Considering how much effort went into stuxnet and flame this seems to be rather weird. Go to extreme lengths in coding malware to... play AC/DC? Something doesn't seem quite right.
I would guess you are right. Not really the paranoid type, but when considering things like this with Iran I wouldn't be surprised if it was government doings and the AC/DC thing is a distraction from whatever they really did.
This sound like a good idea and I'm sure it makes anyone American absolutely brim with patriotic pride. It's also a completely idiotic thing to do. Creating malware takes a lot fewer resources than creating real weapons and the US and West in general is far more vulnerable to malware than Iran or most small countries due to the economy's greater mechanization. What happens when there is blowback?
Not to mention that further tensions is not desired right now -- with Obama neck and neck with the Republican and Israel getting impatient and Iran getting offended, this could turn very nasty, very soon (and the west can ill afford another war in the middle-east with the current economy and gas prices).
I hope the regime fall, but it has to be internal or it won't stick.
Do they still run stock Windows PCs in a nuclear facility?
Do they still have critical machinery participating in insecure local network?
Well, maybe it isn't a nuclear lab after all, but a honeypot for hackers? And the actual lab is somewhere else?
Because otherwise they would figure it out already, I think.
I was thinking had it happened to US, some nutjob would have declared Metasploit illegal. Though US regulations don't apply to us non-US folks, developing nations tend to pick things from west, especially for issues concerning technology. I blame US for broadband fair-usage quota.
Also, EU or US regulations make travelling difficult. Hasn't EU declared hacking tools illegal? Man, it would suck to be detained in a foreign country for installing metasploit.
Whoever is skilled enough to hack into some computers at a nuclear reactor facility must also be clever enough to not give itself away with a childish prank. There are many better things they can do than playing music. I'm sure the story is fake.
Seems like "Who Made Who" by AC/DC would be appropriate here since it was done for the soundtrack of "Maximum Overdrive," a Steven King movie about the machines taking over.
You'd be surprised. During Operation Just Cause in Panama, US troops used loudspeakers blasting music (including Van Halen) to flush Noriega out of his hiding place.

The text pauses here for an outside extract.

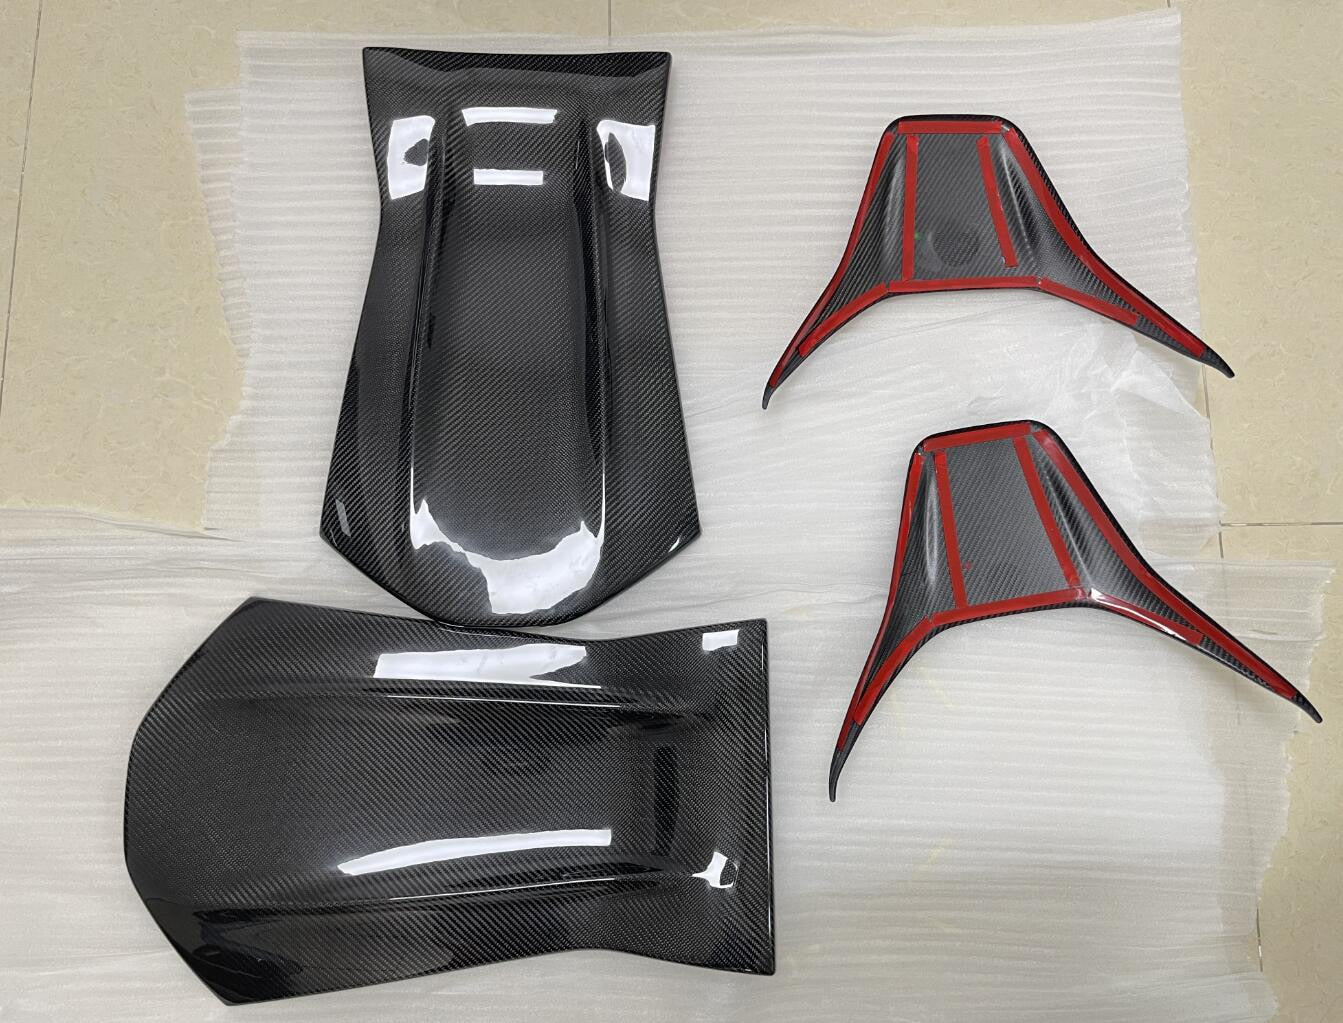 2014-17 Mercedes Benz AMG Models Carbon Fiber Seat Backing Overlays

Believe it or not, even government workers have a sense of humor ...
Probably less "sense of humor" than psychological warfare by constantly demonstrating superiority and presence - plus depending on the volume and proximity, this could interfere with enemies communicating and could even keep them from sleeping. Maybe not the worst thing at first but I can see how this can get more effective over time...
I think it's exactly the opposite. If the story is really true then the psychological effects are enormous. It tells them:
"Look we have everything under control. We can even afford to let you know that. Look, we can make your top secret workstations play music just for fun. Don't mess with us, otherwise we can make even your bombs explode in your own bunkers."

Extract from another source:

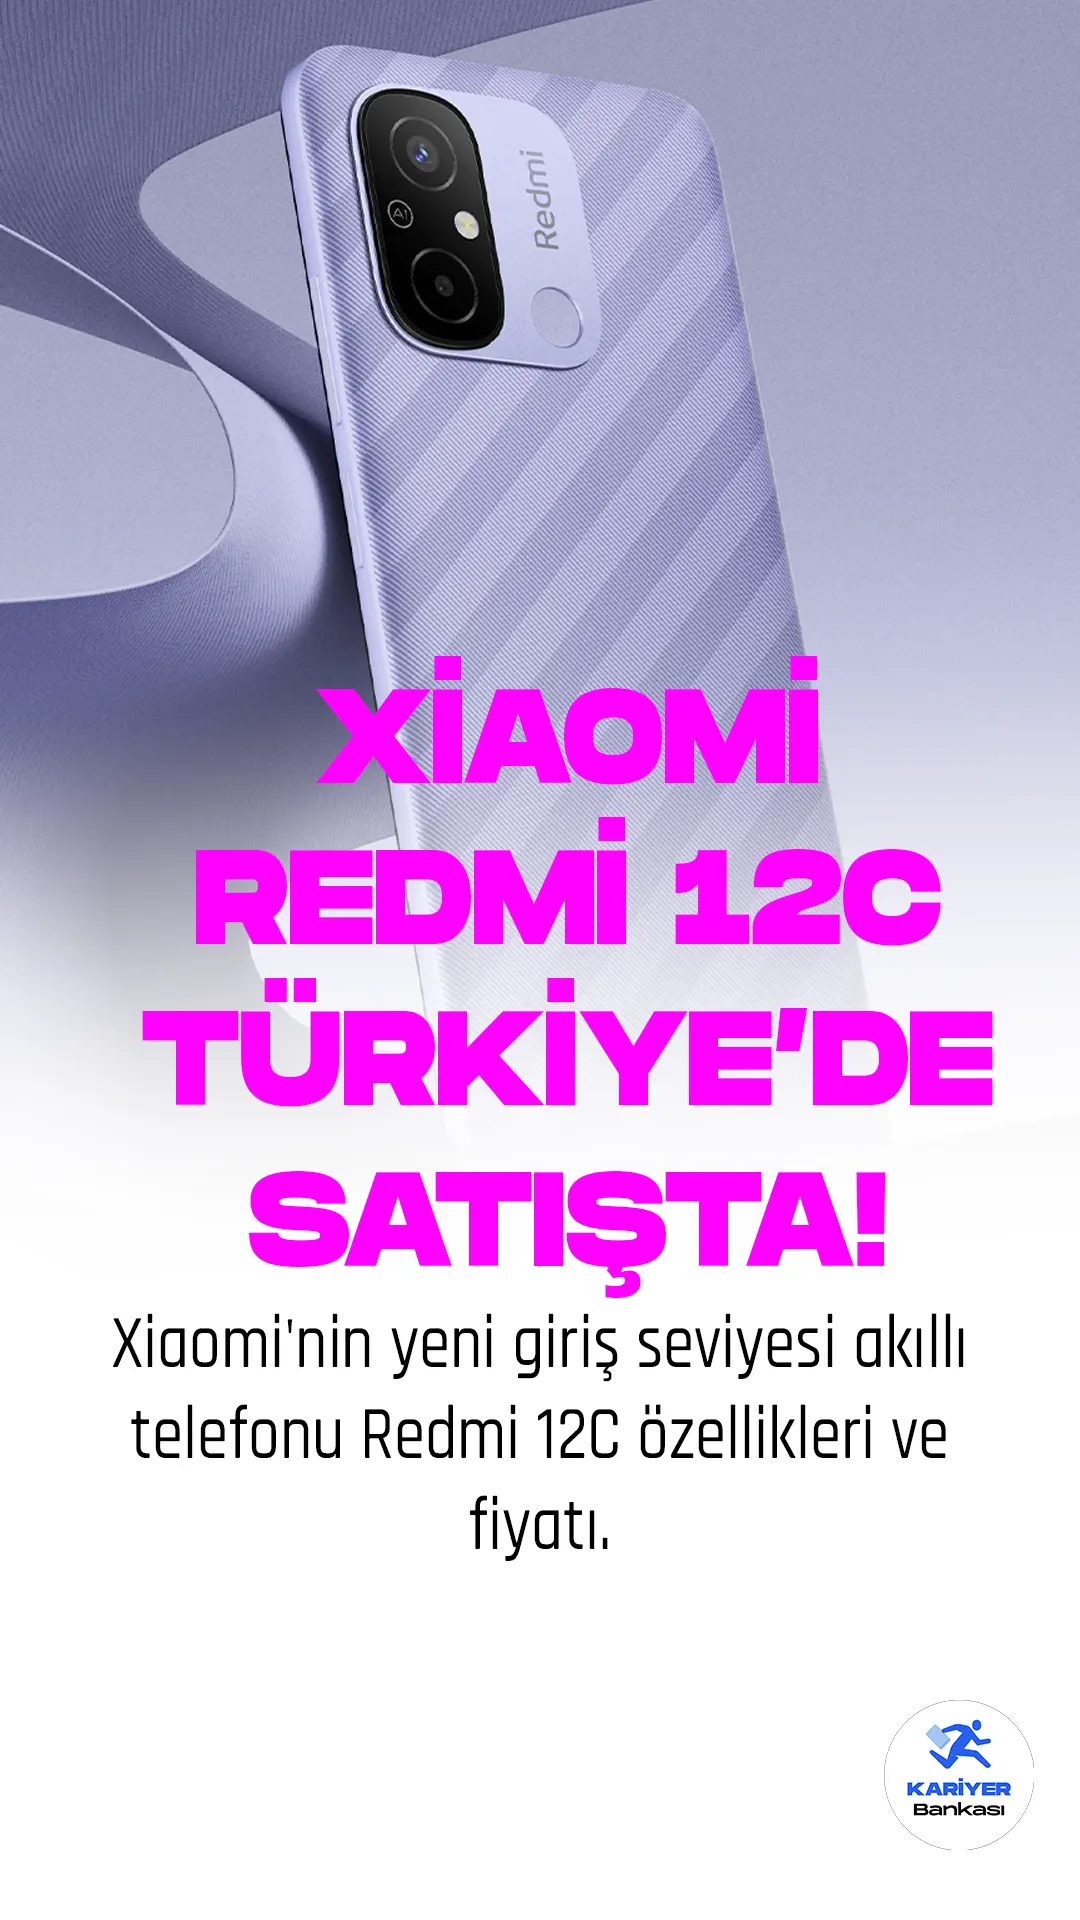 Xiaomi'nin yeni giriş seviyesi akıllı telefonu Redmi 12C Türkiye'de satışta! MediaTek Helio G85 işlemcisi ve 5000mAh bataryasıyla öne çıkıyor. Fiyatı 4.899 TL'den başlıyor.

I think if the Iranians are really so stupid to make war with Israel or U.S. (which means WW3) this would lead to their own self destruction.
As far as I can tell the music simply indicated a compromised system. However, back in the way back times, if you programmed the seeks on a large disk drive you could get it to play 'music' of a sort from the resonance of the stepper motors. I had wondered if someone has changed stuxnet to modify the centrifuge speeds to play notes, and then have the facility play heavy metal music (which would be appropriate for a facility that was purifying a very heavy metal).